Question 19 [8 marks]
(a) [2]
Metallic bonding is the electrostatic attraction between a lattice of positive metal ions and a "sea" of delocalised electrons. The metal atoms release their valence electrons, which become delocalised and free to move throughout the structure, while the remaining positive ions are arranged in a regular lattice.
Teaching notes: Award 1 mark for mentioning positive metal ions in a lattice, and 1 mark for mentioning delocalised electrons.
(b) [3]
Both magnesium and sodium have metallic bonding. Magnesium has 2 valence electrons per atom compared to sodium's 1 valence electron per atom. This means there are more delocalised electrons per atom in magnesium, leading to stronger electrostatic attraction between the Mg²⁺ ions and the electron sea. Additionally, the Mg²⁺ ion has a smaller ionic radius than Na⁺, so the ions are closer to the delocalised electrons, further strengthening the metallic bond. More energy is required to overcome the stronger metallic bonding in magnesium, giving it a higher melting point.
Teaching notes: Award 1 mark for mentioning more delocalised electrons in Mg, 1 mark for mentioning the greater charge on Mg²⁺ (or smaller ionic radius), and 1 mark for linking to stronger metallic bonding and higher melting point.
(c) [3]
In metals, the layers of positive ions can slide over each other when a force is applied because the delocalised electrons are not fixed between specific pairs of ions — they move with the layers and maintain the metallic bond. This allows metals to be shaped (malleable) without breaking.
In ionic solids, the ions are arranged in a regular lattice with alternating positive and negative ions. When a force is applied and layers of ions shift, ions of the same charge are brought next to each other. The resulting electrostatic repulsion between like charges causes the lattice to shatter, making ionic solids brittle.
Teaching notes: Award 1 mark for explaining that metal layers can slide due to non-directional metallic bonding, 1 mark for explaining that shifting ionic layers brings like charges together, and 1 mark for explaining the resulting repulsion causes shattering.
Question 20 [7 marks]
(a) [4 — 1 mark each]
- P: Ionic structure — high melting point (801 °C), conducts electricity when molten, soluble in water. (This is NaCl.)

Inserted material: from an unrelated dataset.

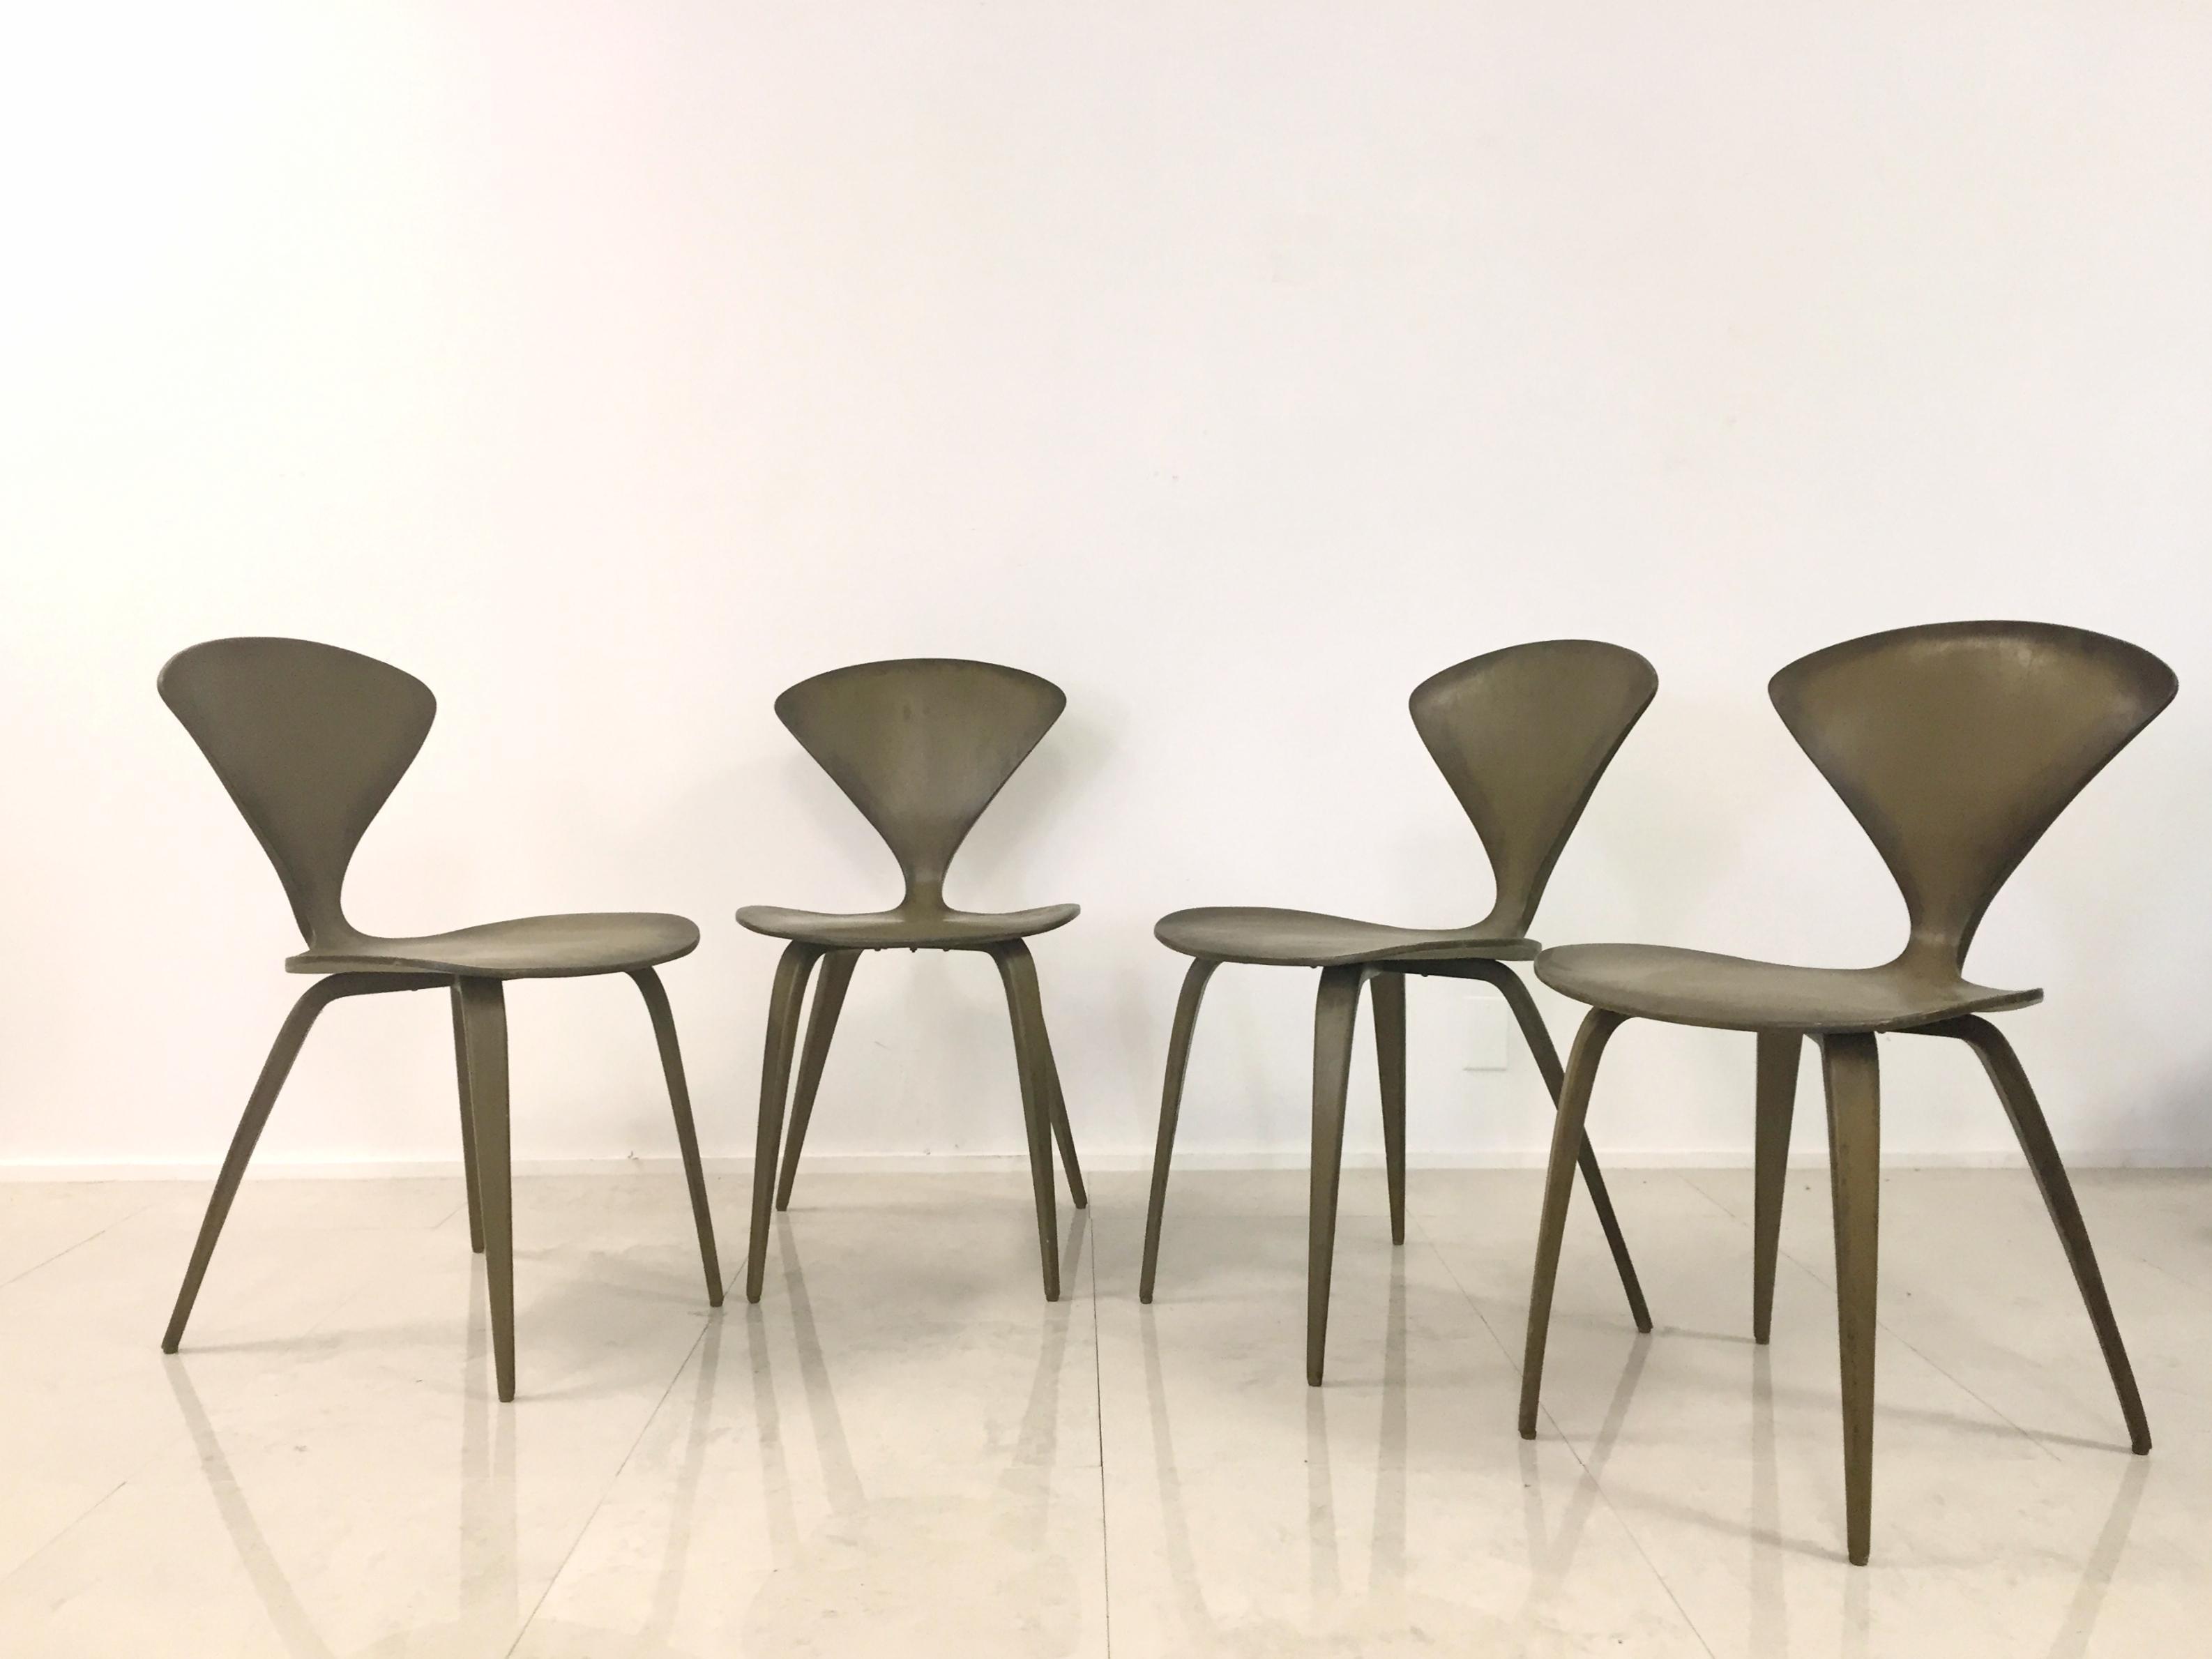 norman cherner for plycraft vintage chairs set 4 image 5 of 10

- Q: Simple molecular structure — very low melting point (−78 °C), does not conduct electricity, slightly soluble in water. (This is CO₂.)

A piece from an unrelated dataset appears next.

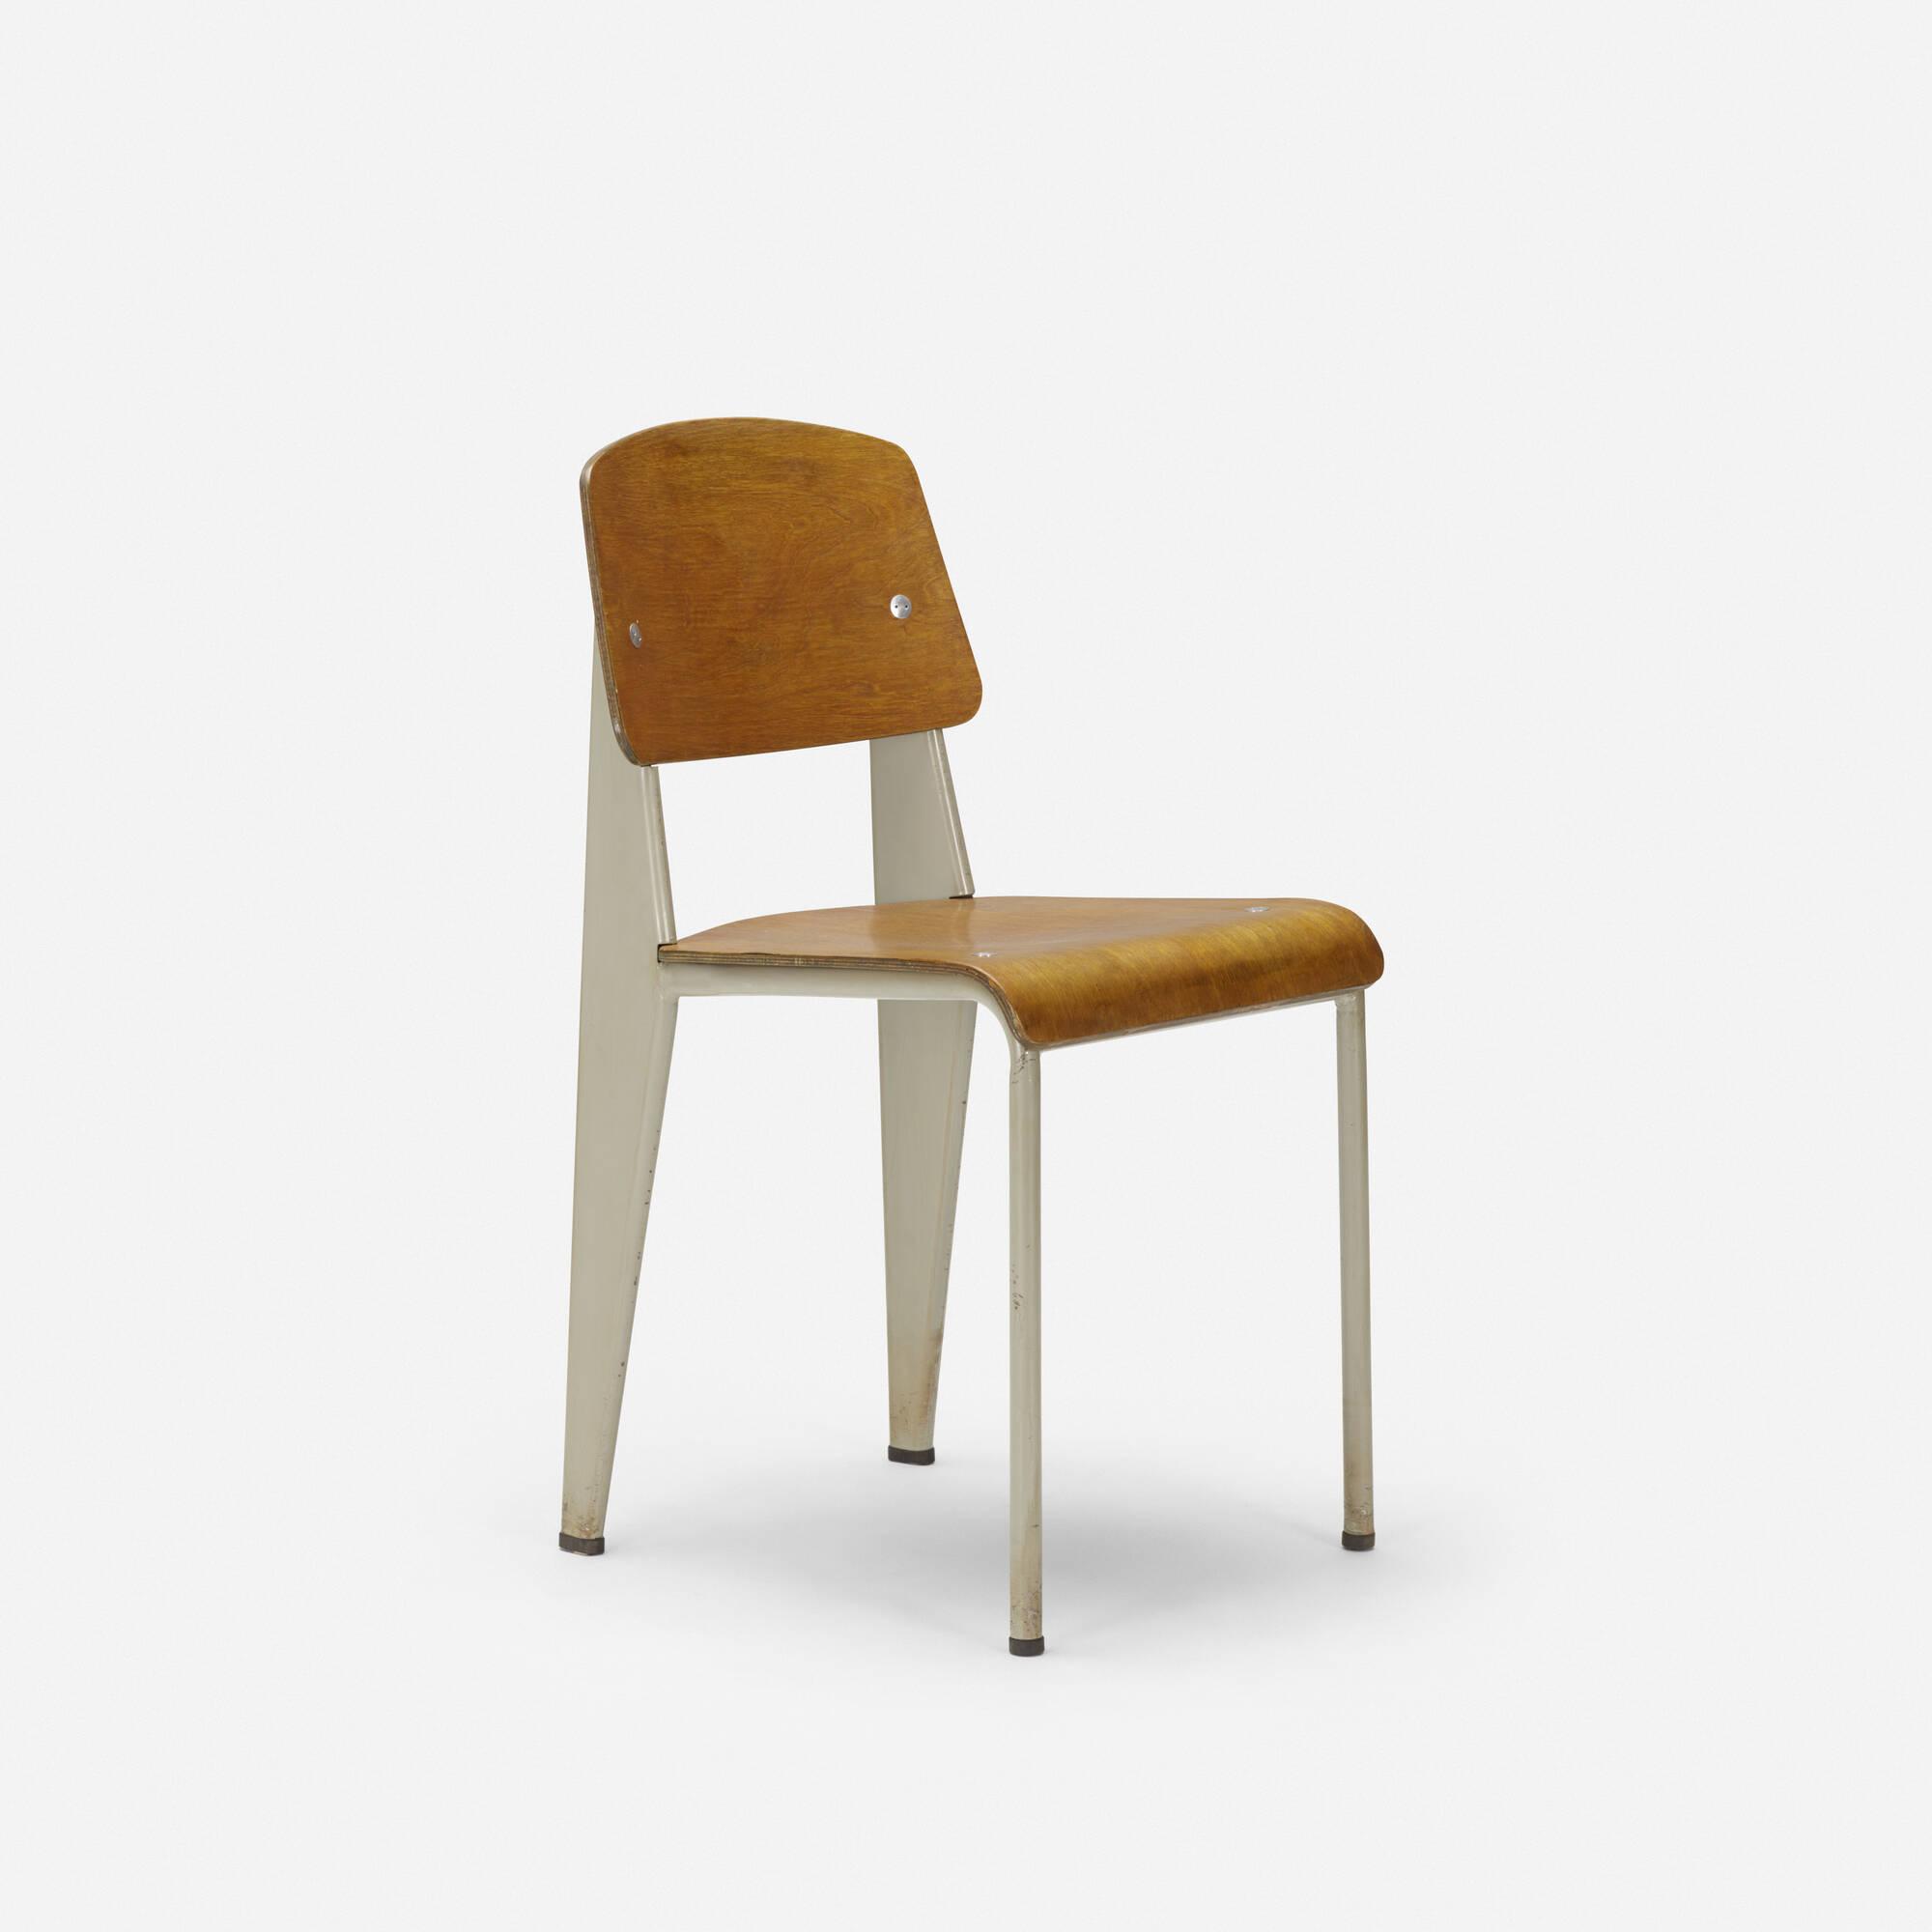 106: Jean Prouvé / U0027Semi Metalu0027 Chair, No. 305 (

- R: Simple molecular structure — low melting point (113 °C), does not conduct electricity, insoluble in water. (This could be iodine, I₂, or another molecular solid.)
- S: Giant covalent (macromolecular) structure — very high melting point (3550 °C), does not conduct electricity, insoluble in water. (This is diamond or silicon dioxide.)

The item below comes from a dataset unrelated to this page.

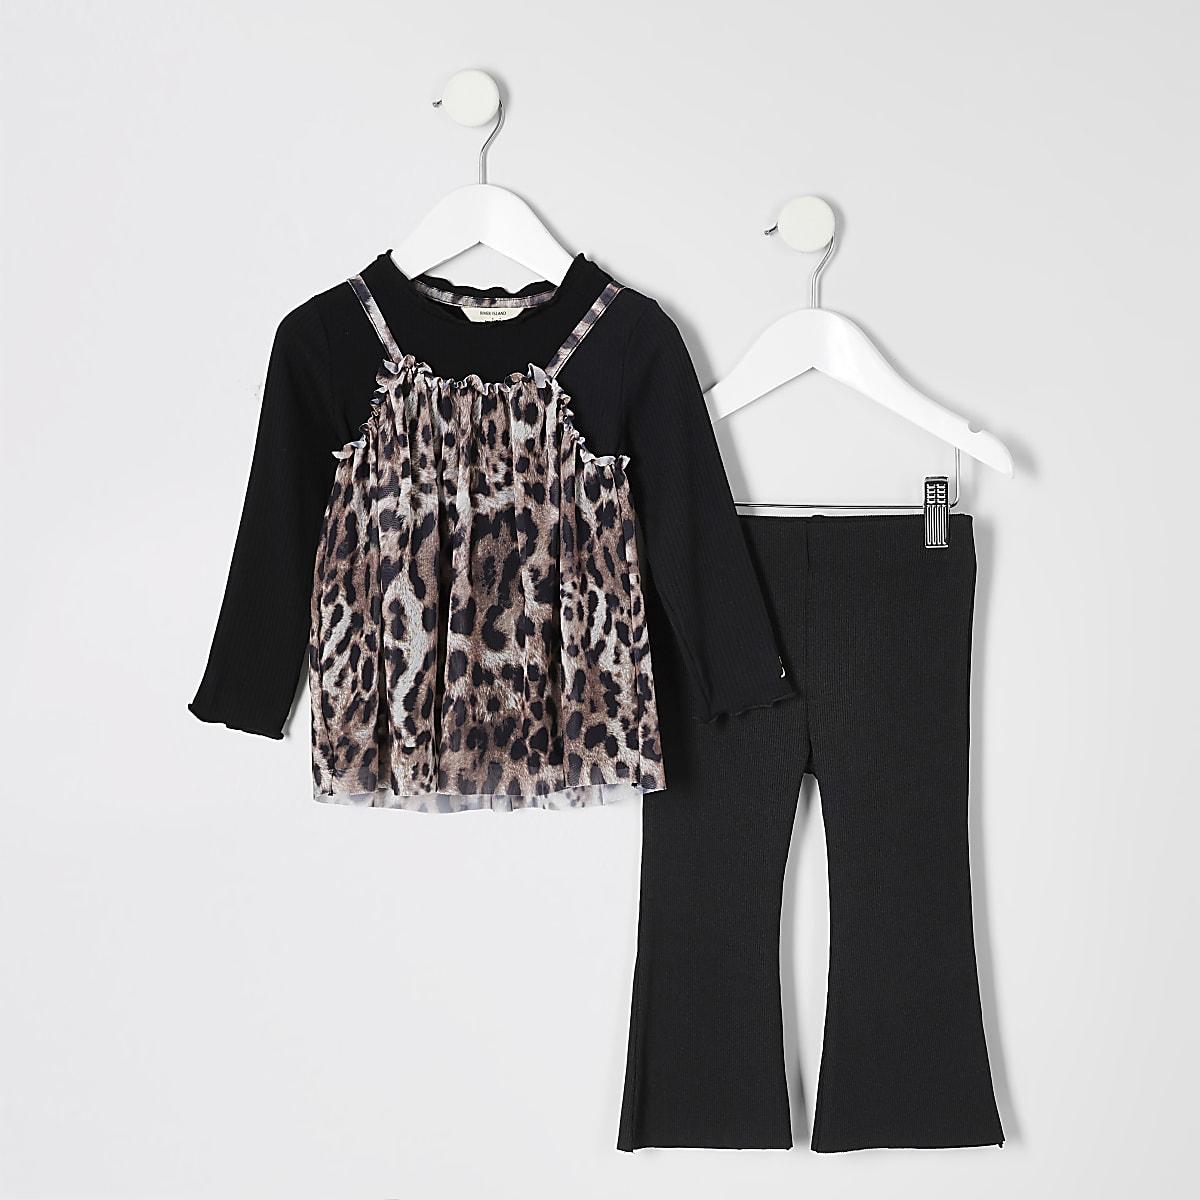 Mini girls black leopard mesh top outfit

Teaching notes: Award 1 mark for each correct identification. The key distinguishing features are: ionic compounds conduct when molten; giant covalent compounds have very high melting points but do not conduct; simple molecular compounds have low melting points.
(b) [2]
Solid P (NaCl) does not conduct electricity because the Na⁺ and Cl⁻ ions are held in fixed positions in the ionic lattice and are not free to move. When P is melted, the ions gain enough energy to overcome the electrostatic forces holding them in the lattice and become free to move, allowing them to carry electrical charge.
Teaching notes: Award 1 mark for explaining that ions are fixed in the solid, and 1 mark for explaining that ions are free to move in the molten state.
(c) [1]
Diamond (carbon) or silicon dioxide (SiO₂) or silicon carbide (SiC)
Teaching notes: Any giant covalent solid with a very high melting point and no electrical conductivity is acceptable. Diamond is the most common example.
Total: 60 marks
Mark Distribution Summary:
| Section | Questions | Marks |
|---|---|---|
| A: Atomic Structure & Electron Configuration | 1–5 | 18 |
| B: Chemical Bonding | 6–10 | 23 |
| C: Molecular Geometry & Intermolecular Forces | 11–15 | 25 |
| D: Mixed & Applied Questions | 16–20 | 34 |
| Total | 1–20 | 60 |
(Note: Section marks overlap as some questions draw on multiple subtopics. The total is 60 marks.)